Bob: God, I hope not... Well, actually I am not sure which scenario I prefer. Did the author and the company's marketing department actually end up fooling themselves too? That's not unlikely. But that is speculation, and it does not really matter to us right now. What do you think about my previous question, as to what has actually been achieved?

Alice: A new kind of C Compiler entirely written in Rust by a machine?

Bob: Wrong. It is not really new, and not written by a machine. Is it even a C Compiler by the traditional sense, since it's not able to compile Hello World, much less arbitrary C programs? It is at best mediocre plagiarism with many extra steps using a convoluted, resource-hungry and wasteful technique relying on many, many hours of collective embodied human labor.

Alice: So you believe nothing valuable has been achieved?

Bob: Quite the contrary, dear Alice. The important detail here is: valuable to whom?

Alice: I'm not sure I'm following. They open-sourced the compiler so surely everyone can benefit from it?

Bob: As previously discussed, the compiler in itself is not very useful. However, important things have still been achieved with this project and press release, besides our discussion that I am enjoying. Can you venture a guess?

Alice: Ah! You are mentioning the press release. Maybe something to do with marketing? Company image? Fake news? Hype?

Bob: I would simply call it strengthening the illusion.

Alice: What illusion?

Bob: The illusion of machine intelligence. Or, to put it plainly, the concept of AI or the fact that it already has, or will be, achieved.

Alice: You don't believe in AI?

Bob: Historically, AI has always meant tasks that machines are not yet able to do well. As such, it is a moving target.

Alice: You don't think large language models are real AI?

Bob: Define real. If enough people believe it is real, even if some skeptics remain, then how can it not be real?

Alice: Do you not believe in science? Objective truth?

Bob: If I did not believe in objective truth, how could I answer your question? But we are getting off-topic. By the way, have you looked at said source code of this useless compiler?

Alice: I did peek at a few files here and there. Overall I get the feeling that it is hard to understand what is going on.

Bob: I see. Reading the source code does not appear to provide obvious benefits either.

Alice: For you, the inability for humans to understand AI-generated software is an issue? Isn't that a human limitation rather than a machine one?

Bob: Not quite. If we delegate the task of writing code entirely to machines, especially for new products, not just subpar replica of existing robust software that has been around for decades such as GCC, how are we able to: first, tell what the expected behaviour is.

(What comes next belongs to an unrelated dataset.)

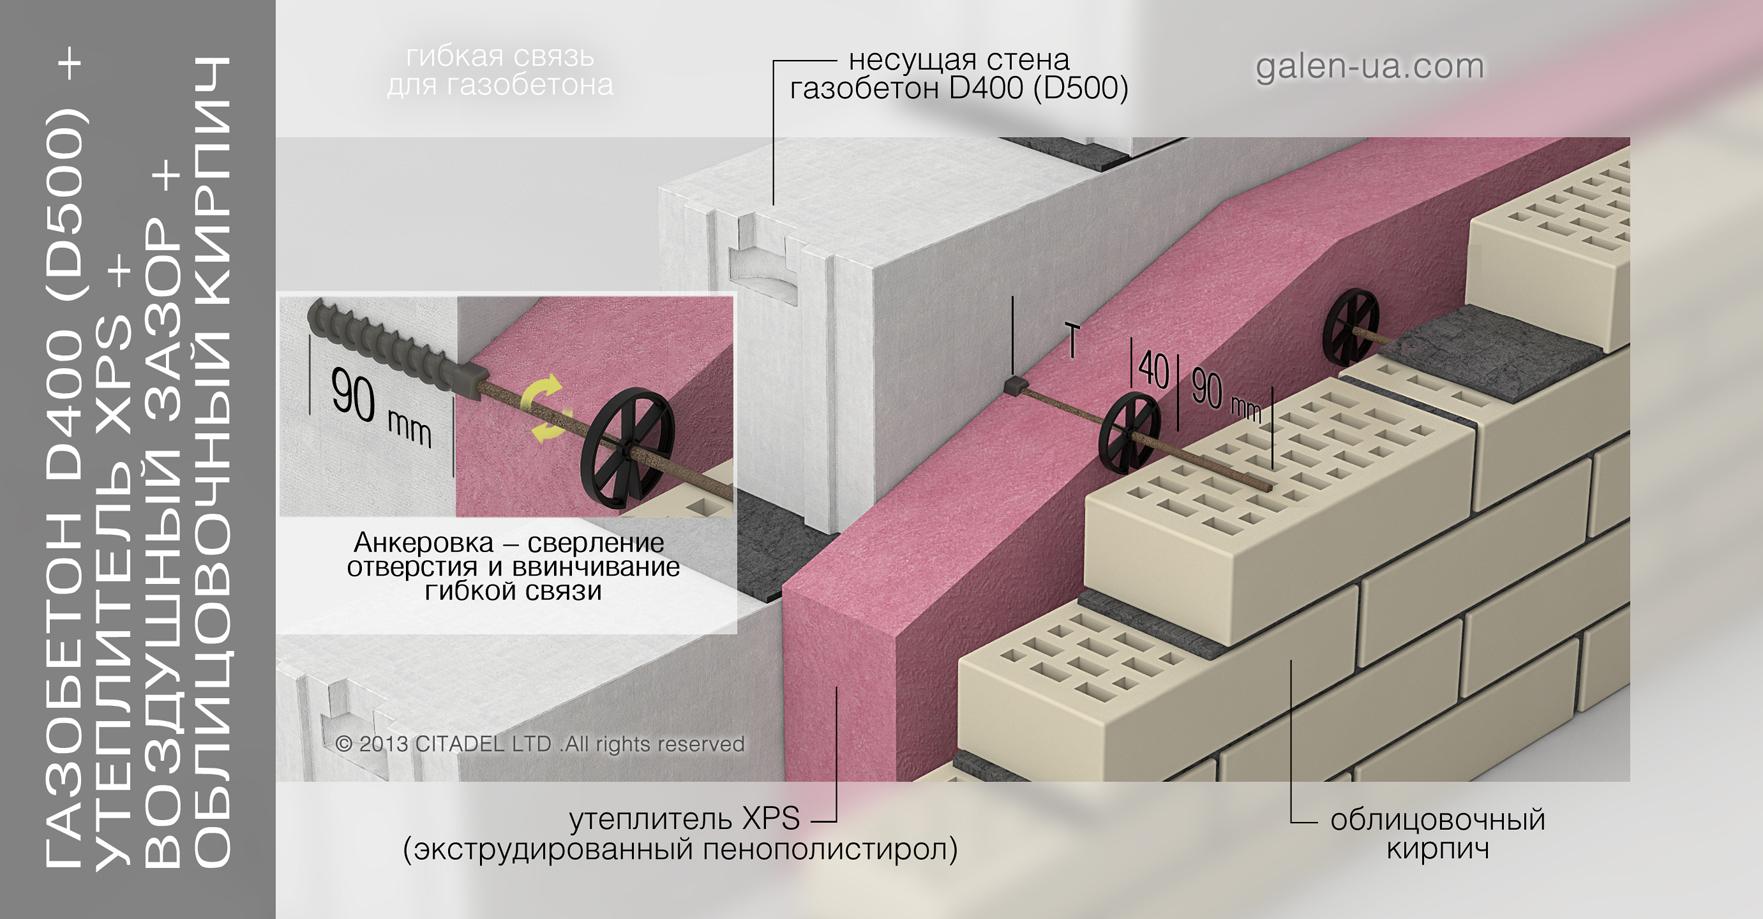 Гибкая связь для газобетона: Газобетон D400 (D500) + Утеплитель XPS + Воздушный зазор + Облицовочный кирпич

And second, verify that this new software indeed exhibits the expected behaviour?

Alice: You can tell the agent to write some tests.

Bob: Indeed, but how to tests these tests? What are the expectations? All software have bugs. One important aspect of software, ultimately, is what its users are able to accomplish with it. And even with APIs, compilers, MCPs and such, that allow programs to operate other programs, eventually the end user is always human.

Alice: Why could you not just ask the agent to write software that builds a product for humans, and observe their interactions with it, and collect their feedback, in order to improve it?

Bob: It sounds reasonable, yet I claim it is impractical, if not borderline disrespectful, akin to spam. Are you going to generate somewhat random software, that you don't fully understand, and then expect users to figure out how to use it? It's likely that the user will not understand, nor enjoy, this process and will churn. Besides, weren't machines built to help us humans and save us some time and labor, rather than spamming us with dubious software? In our hello world example, CCC failed the most basic expectation that humans have for a compiler. That does not build trust.

Alice: I think I get what you are saying. So you believe we should write code by hand?

Eve: Hey folks! I couldn't help myself but eavesdrop a bit on your coffee chat. This dialogue is fascinating, but we are having a high severity incident on production servers right now. Could you help a bit?

Bob: Sure! Let me just get my Claude Code with MCP to get started with the investigation.